== DATA BELOW ==
——

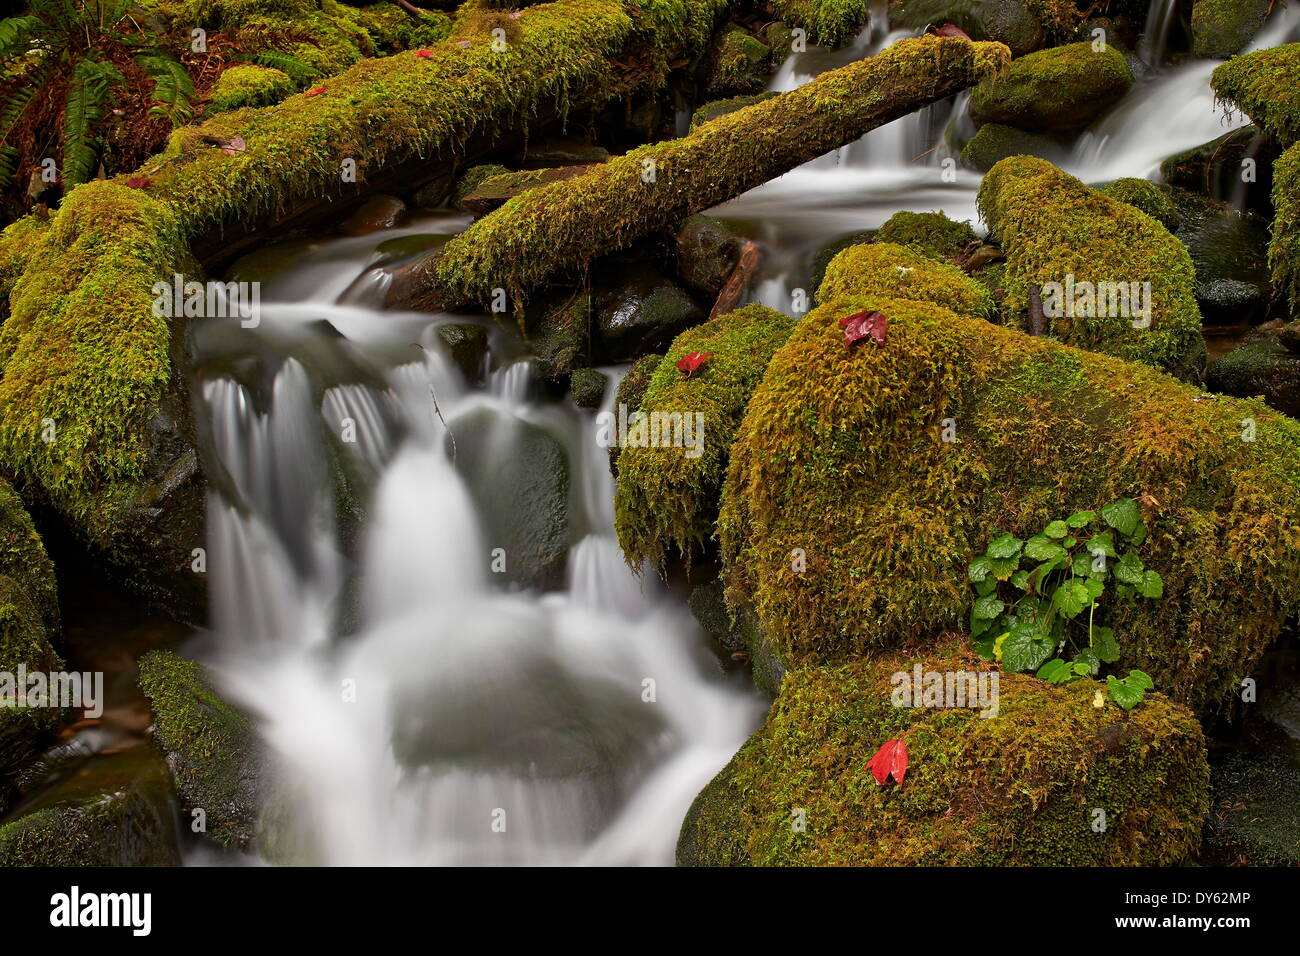 Kaskaden durch moosbedeckten Felsblöcken, Olympic National Park, der UNESCO, Washington, USA Stockfoto
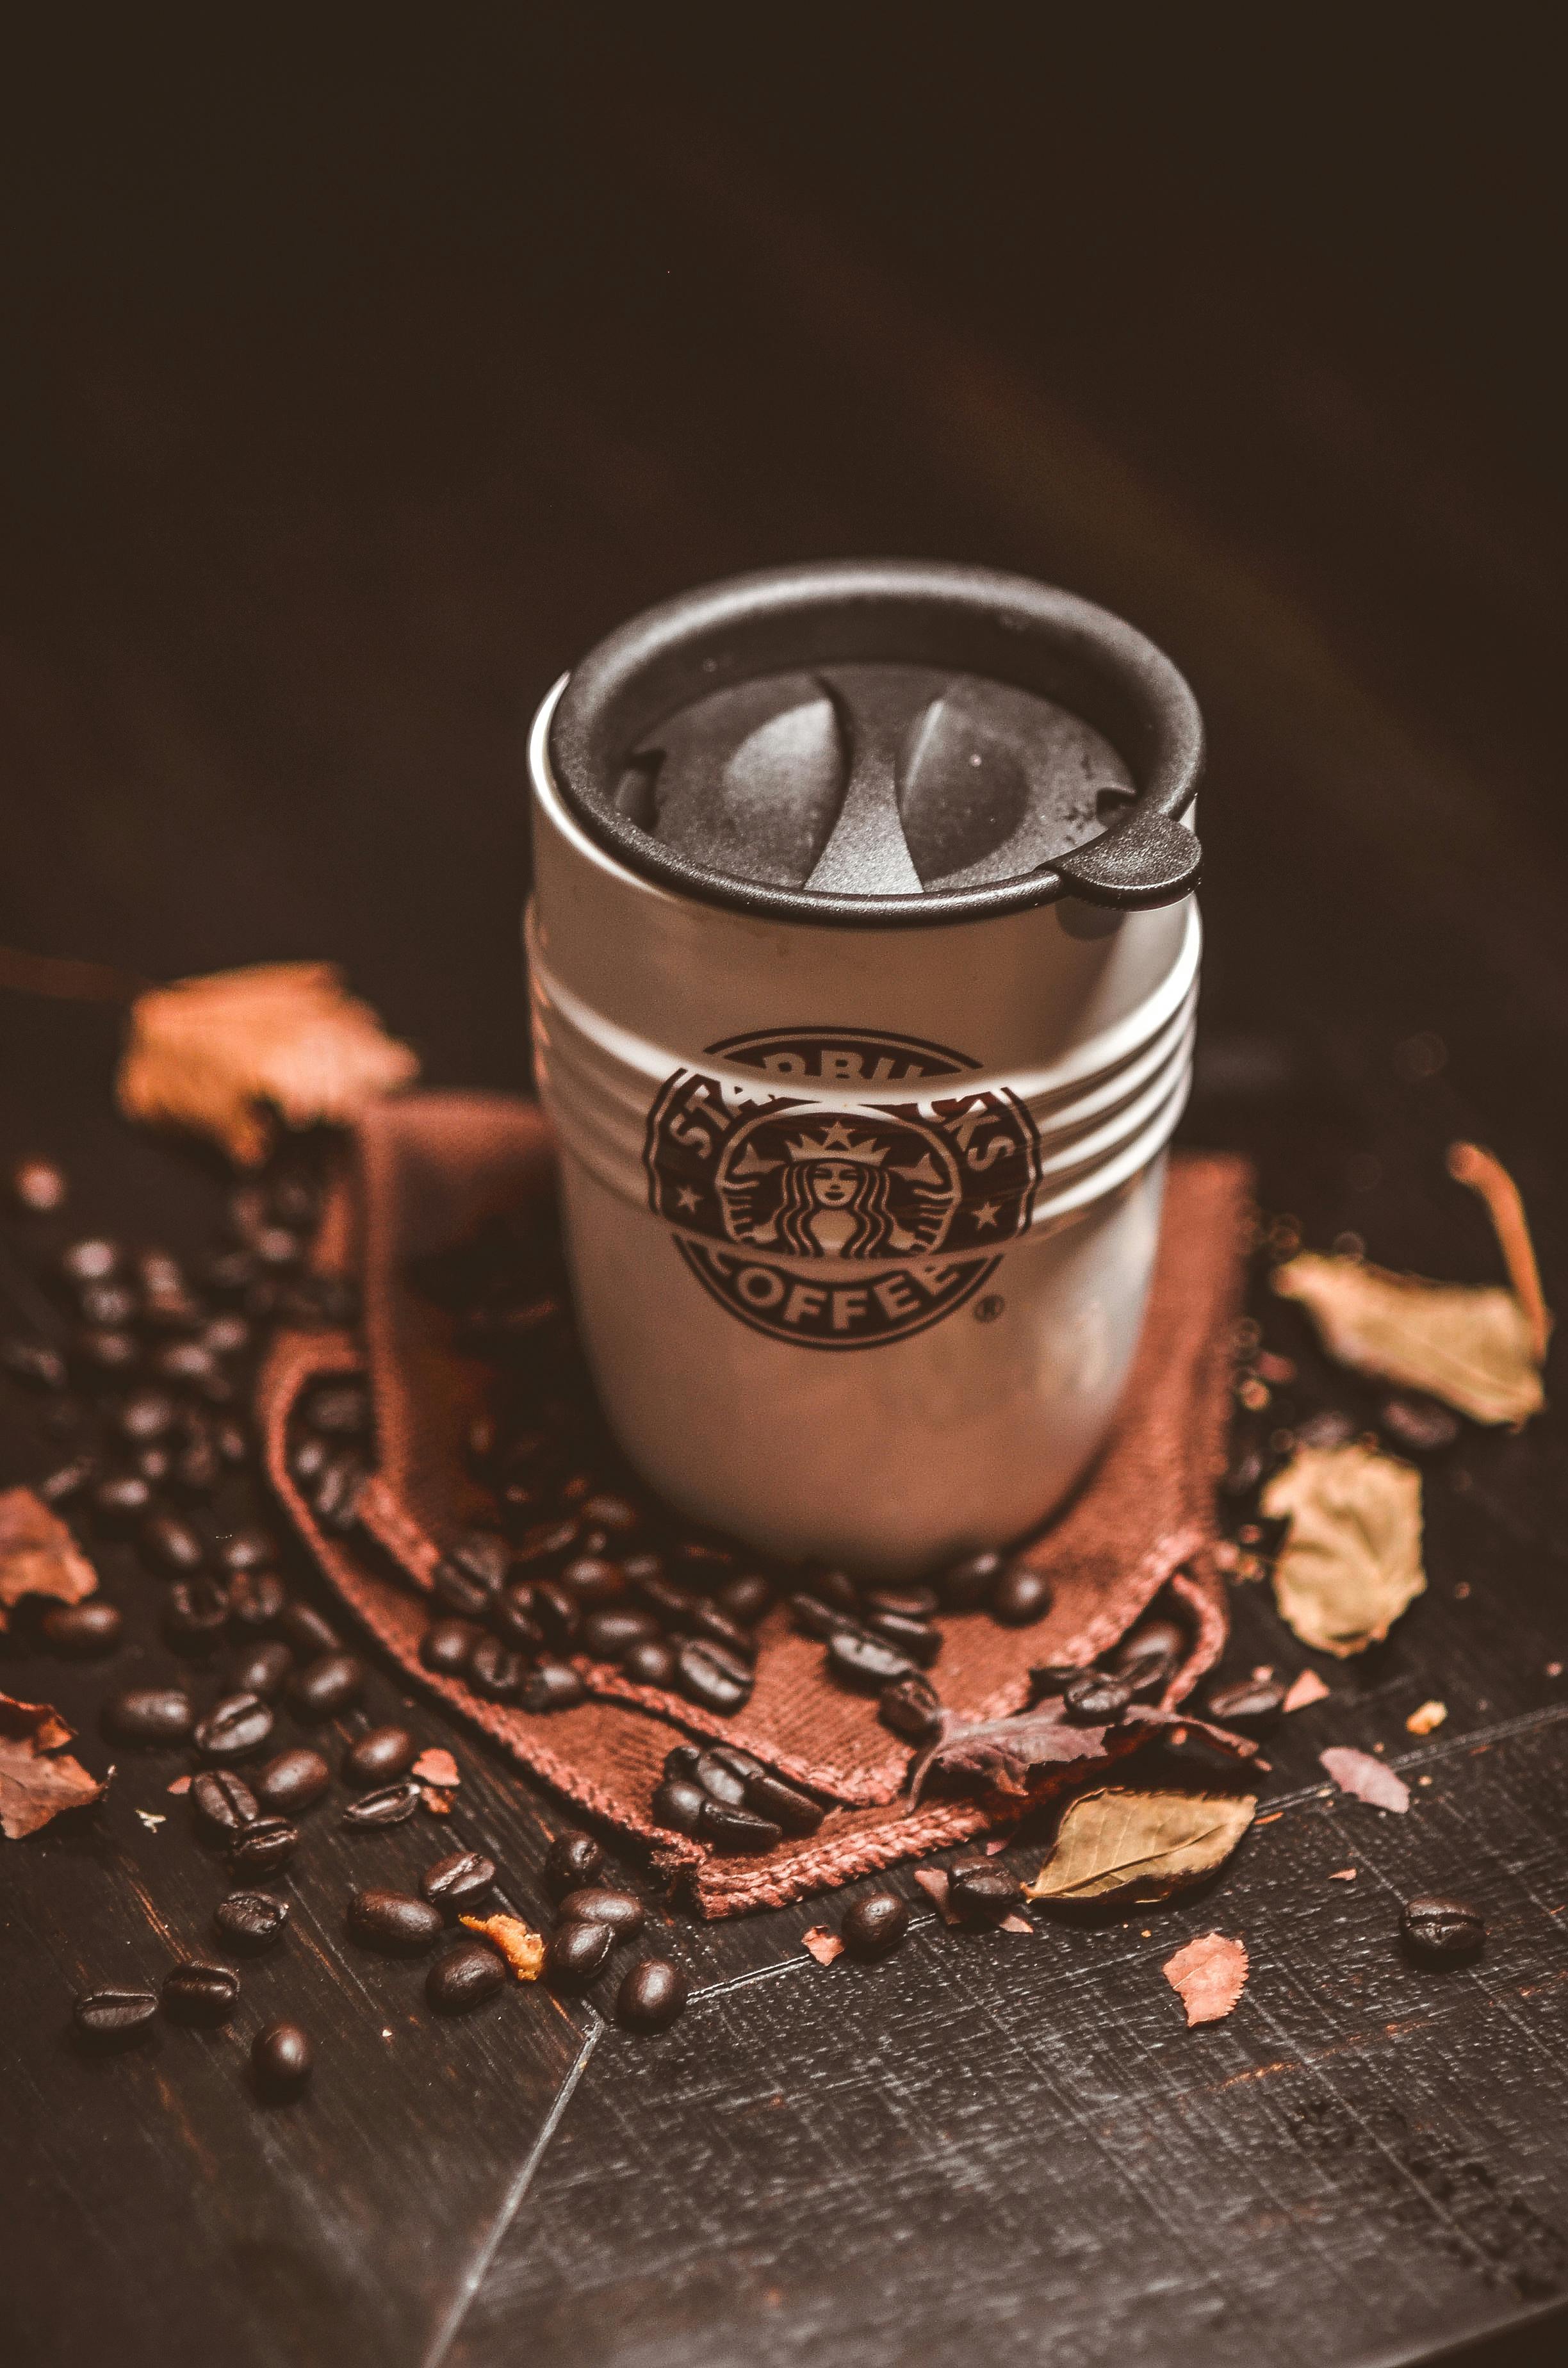 Starbucks Coffee Cup · Free Stock Photo
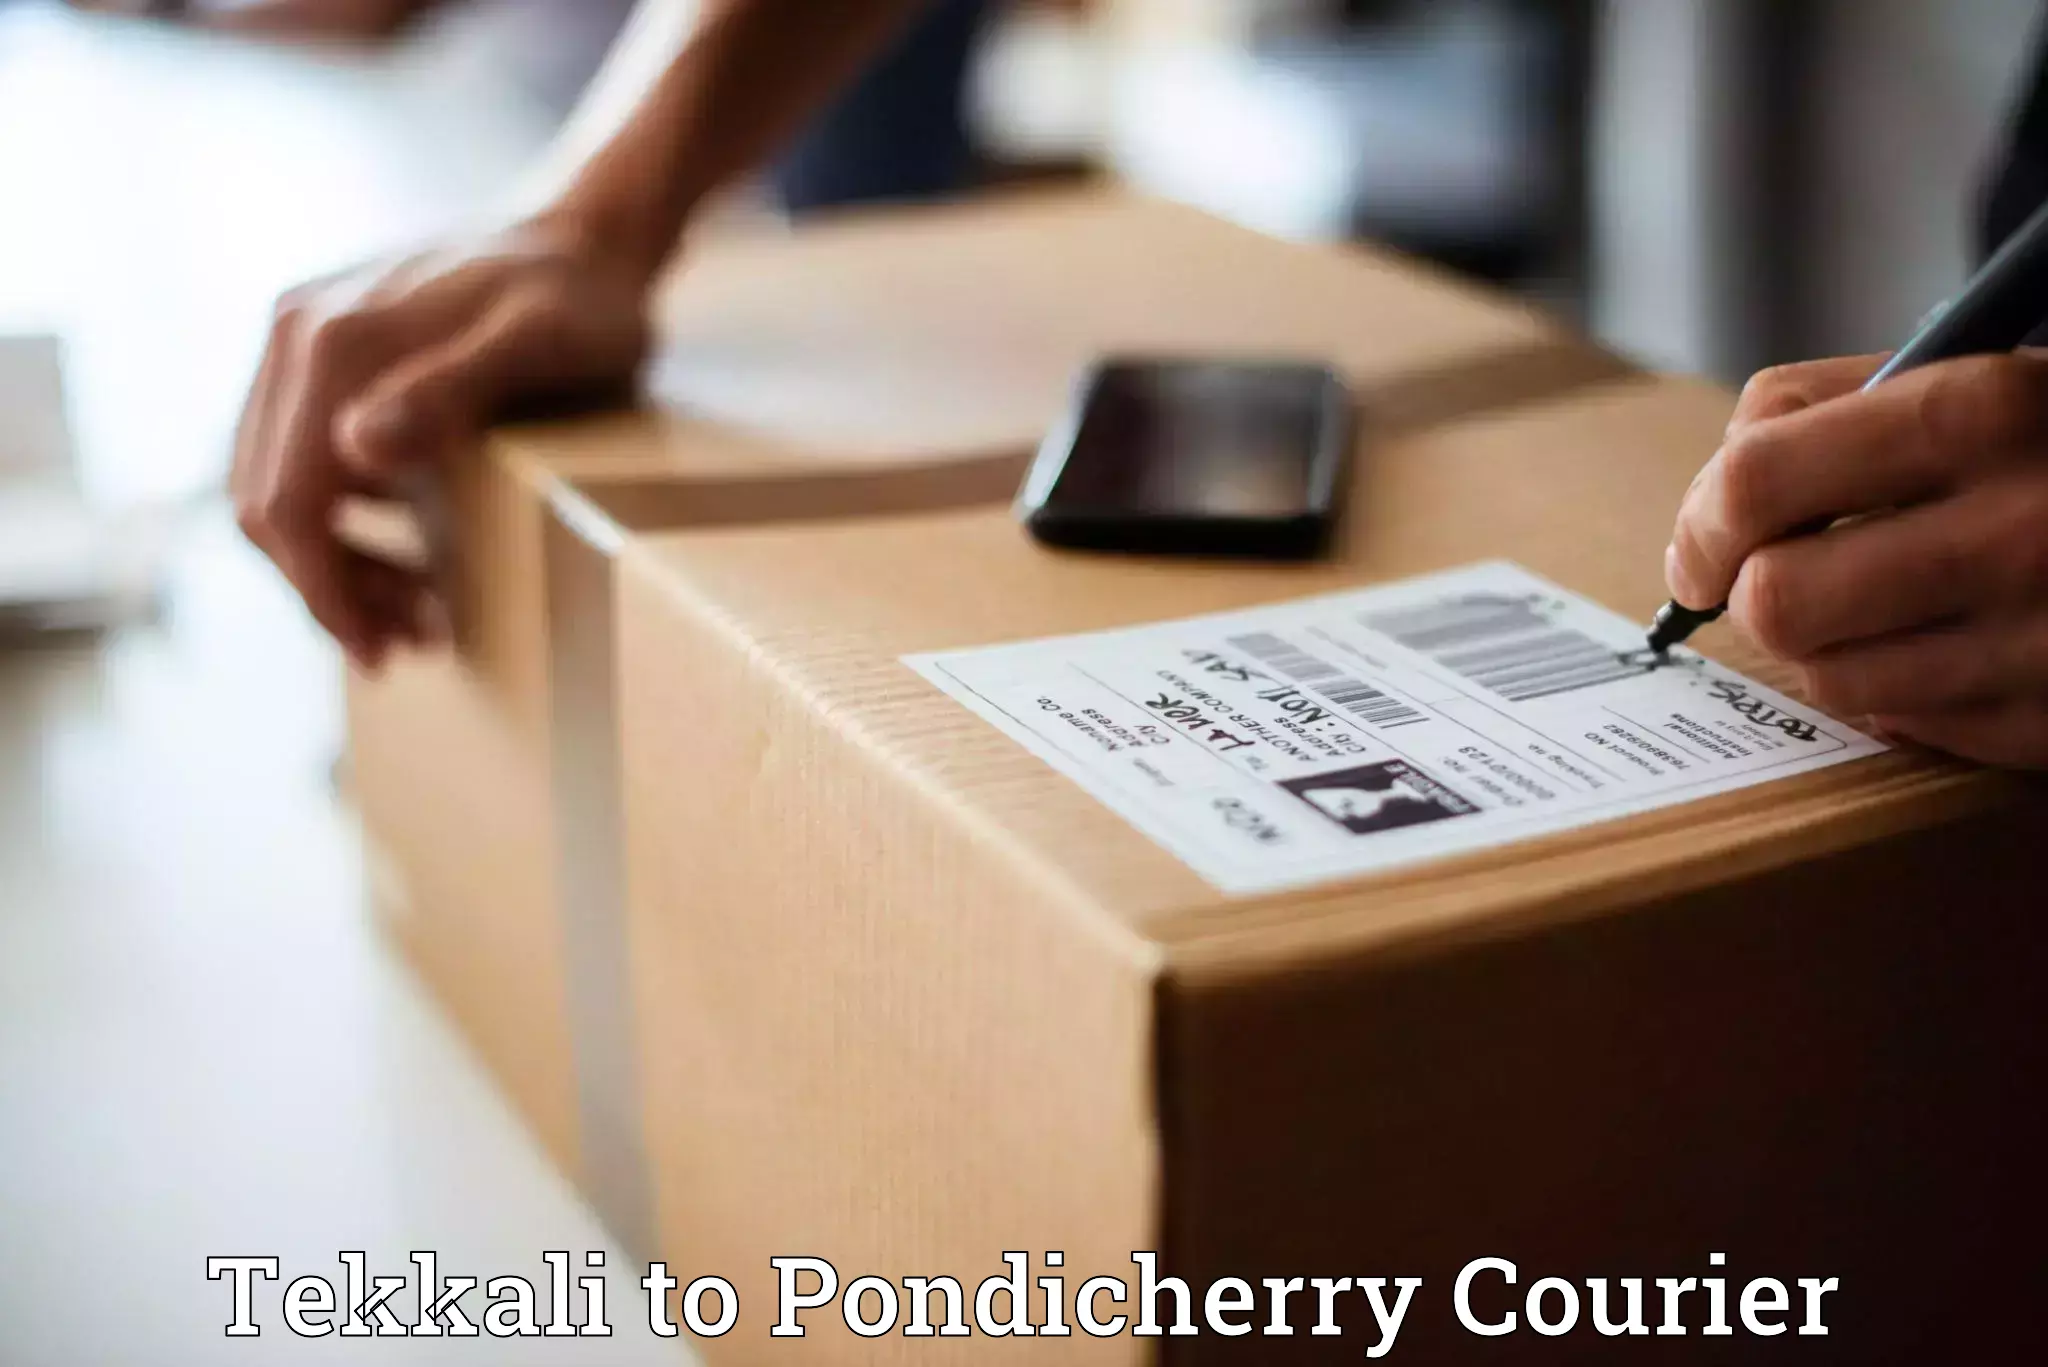 Logistics service provider Tekkali to Pondicherry

——

== PROBLEM ==
Please retype the data exactly as it appears, but without any of its pictures.

== ANSWER SECTION ==
 Kaskaden durch moosbedeckten Felsblöcken, Olympic National Park, der UNESCO, Washington, USA Stockfoto
 Starbucks Coffee Cup · Free Stock Photo
 Logistics service provider Tekkali to Pondicherry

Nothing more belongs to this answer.